The EUR/USD pair is currently positioned at 1.1753, marking its peak in four days, following a rebound from the previous week’s low of 1.1660. The recent rebound has been driven mainly by a decline in the U.S. dollar, with investors factoring in escalating political instability related to the impending government shutdown and an increased likelihood of further Federal Reserve rate cuts before the end of the year. Treasury yields are experiencing a decline across various maturities, which is diminishing the dollar’s yield advantage and contributing to the euro’s upward movement. The current landscape of tariffs and trade tensions is heightening uncertainty, resulting in an environment where the euro is strengthening, even in light of disappointing domestic data.
On September 17, the Federal Reserve reduced interest rates by 25 basis points, adjusting its policy rate to a median forecast of 3.6% for 2025. The revised dot plot suggests an additional 50 basis points of easing by the end of the year, with more modest reductions anticipated to extend into 2026 and 2027. Inflation persists at a stubborn 2.7% for headline PCE and 2.9% for core, with Powell highlighting that tariffs are sustaining elevated goods prices, while there are initial indications of a slowdown in services inflation. He recognized the difficulty of managing a cooling labor market alongside ongoing price pressures, characterizing the risks as “more balanced.” The markets are currently exhibiting a dovish sentiment: Data indicates a 90% likelihood of a rate cut in October and approximately 70% chance of an additional cut in December. The recent aggressive repricing has led to a decline in the Dollar Index, which now stands at 97.73, marking its third consecutive session of losses. This situation has created an opportunity for EUR/USD to regain momentum.
The European Central Bank has adopted a cautious approach, holding rates steady while forecasting core inflation at 2.4% for 2025, with a decline anticipated to 1.9% in 2026 and further to 1.8% in 2027. President Christine Lagarde emphasized that policy is in a “good place” and reaffirmed that decisions will continue to be based on data. However, the macroeconomic indicators from the Eurozone have not met expectations. In August, German Retail Sales experienced a decrease of 0.2%, continuing the downward trend from July’s 0.5% decline. Additionally, import prices saw a month-on-month drop of 0.5% and a year-on-year decline of 1.5%. Confidence indicators present a mixed picture, as Consumer Confidence has seen a slight improvement to -14.9, while sentiment in the industrial and services sectors has experienced a decline. The euro’s strength is increasingly reliant on dollar weakness rather than robust fundamental demand from the Eurozone, especially in the absence of stronger domestic support.
Recent trade tensions are exacerbating the weakness of the dollar. Former President Trump’s announcement of new tariffs, set to take effect on October 14, encompasses a 10% levy on lumber imports and 25% duties on vanities, cabinetry, and upholstered furniture, in addition to previously established tariffs on heavy trucks and pharmaceuticals. The measures elevate inflation risks and pose a threat to supply chains, thereby strengthening expectations for Fed easing to support growth. The ongoing uncertainty surrounding the government funding bill has introduced significant political risk. VP JD Vance cautioned that a shutdown is “highly likely,” which could lead to federal job cuts. Additionally, important data releases, including Friday’s Nonfarm Payrolls, may experience delays. Such developments limit the Fed’s access to critical data and maintain downward pressure on the greenback.

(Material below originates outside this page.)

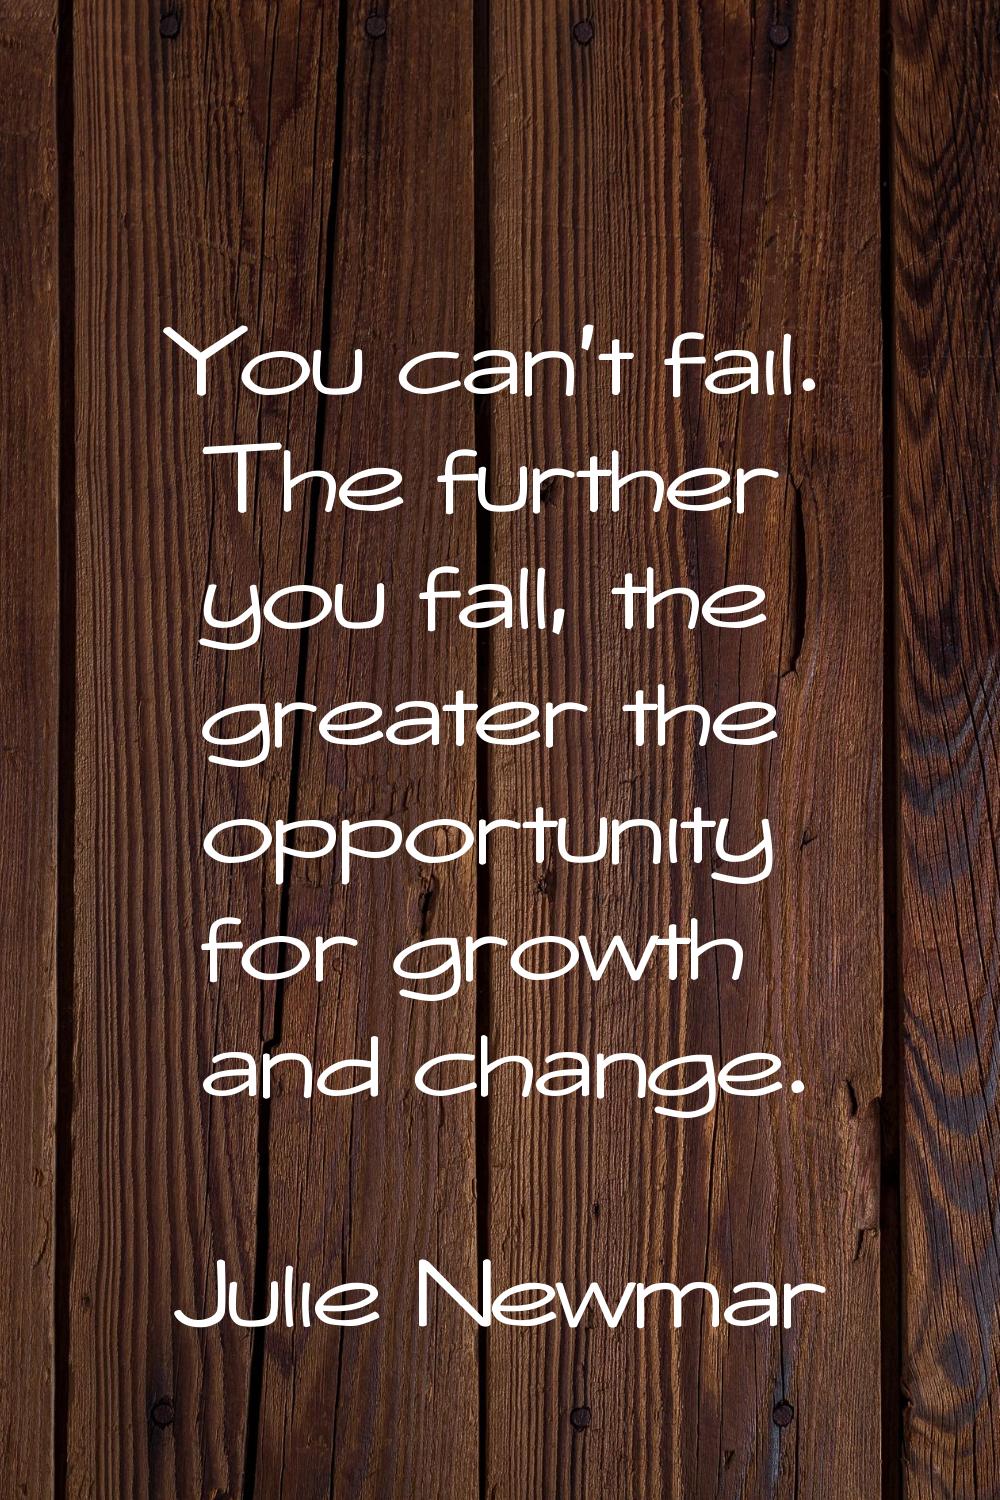 You can't fail. The further you fall, the greater the opportunity for growth and change.

Speculators have started trimming bullish euro bets. The CFTC data for the week ending September 23 indicated a decline in net longs for EUR, which fell to 114.3K contracts, marking the lowest level since July. Concurrently, institutional net shorts decreased to 165.8K contracts. Open interest increased to 859.2K, marking a two-week high, indicating a careful approach as volatility escalates. This suggests that traders are hesitant to pursue the euro’s upward movement without more definitive catalysts, despite the pair remaining above critical support levels.